«Mehr Anreize anstelle von Verboten»
Kircherberg/SG. Die BDP des Kantons St.Gallen hat ihr Parteiprogramm verabschiedet. Familien und Bildung seien wichtiger.
Die Bügerlich-Demokratische Partei (BDP) des Kantons St.Gallen, die Ende Januar gegründet worden ist, hat
am Mittwoch in Kirchberg ihr Parteiprogramm verabschiedet, wie sie am Donnerstag mitteilte. Familie und Bildung sind der BDP wichtig.

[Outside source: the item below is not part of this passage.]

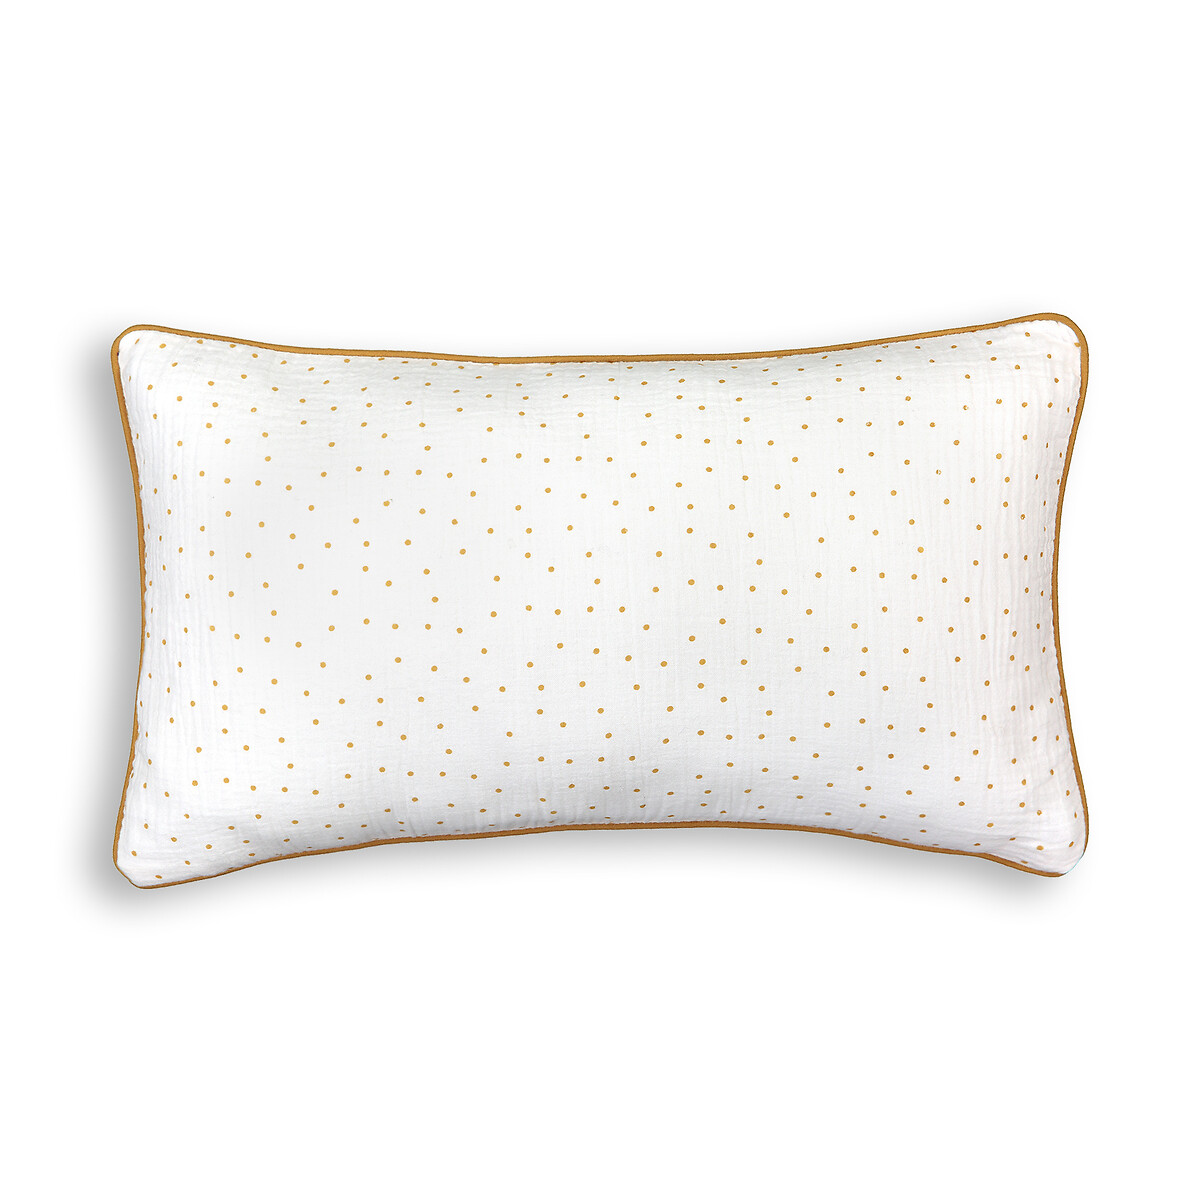 Чехол LA REDOUTE INTERIEURS На подушку из хлопчатобумажной газовой ткани Nola 50 x 30 см желтый, размер 50 x 30 см - фото 1

Sie will auch Alleinerziehende und Patchwork-Familien fördern, wie es im Communiqué heisst. Die BDP steht demnach auch hinter Kinder-Tagesstätten und Betreuungseinrichtungen, welche Eltern die Möglichkeit bieten, einer Arbeit nachzugehen. Generell wünscht die BDP mehr Anreize und gleichzeitig weniger Verbote, wie es heisst.
Die BDP St.Gallen will sich auch für die Zusammenarbeit über die Landesgrenzen hinaus stark machen. In der Ausländerpolitik steht für die Partei die Integration an erster Stelle. Mit Ausländern, die straffällig werden, soll dagegen konsequent umgegangen werden.
In der Umweltpolitik fordert die BDP-Kantonalpartei einen guten Mix aus traditionellen und erneuerbaren Energieproduktionsformen.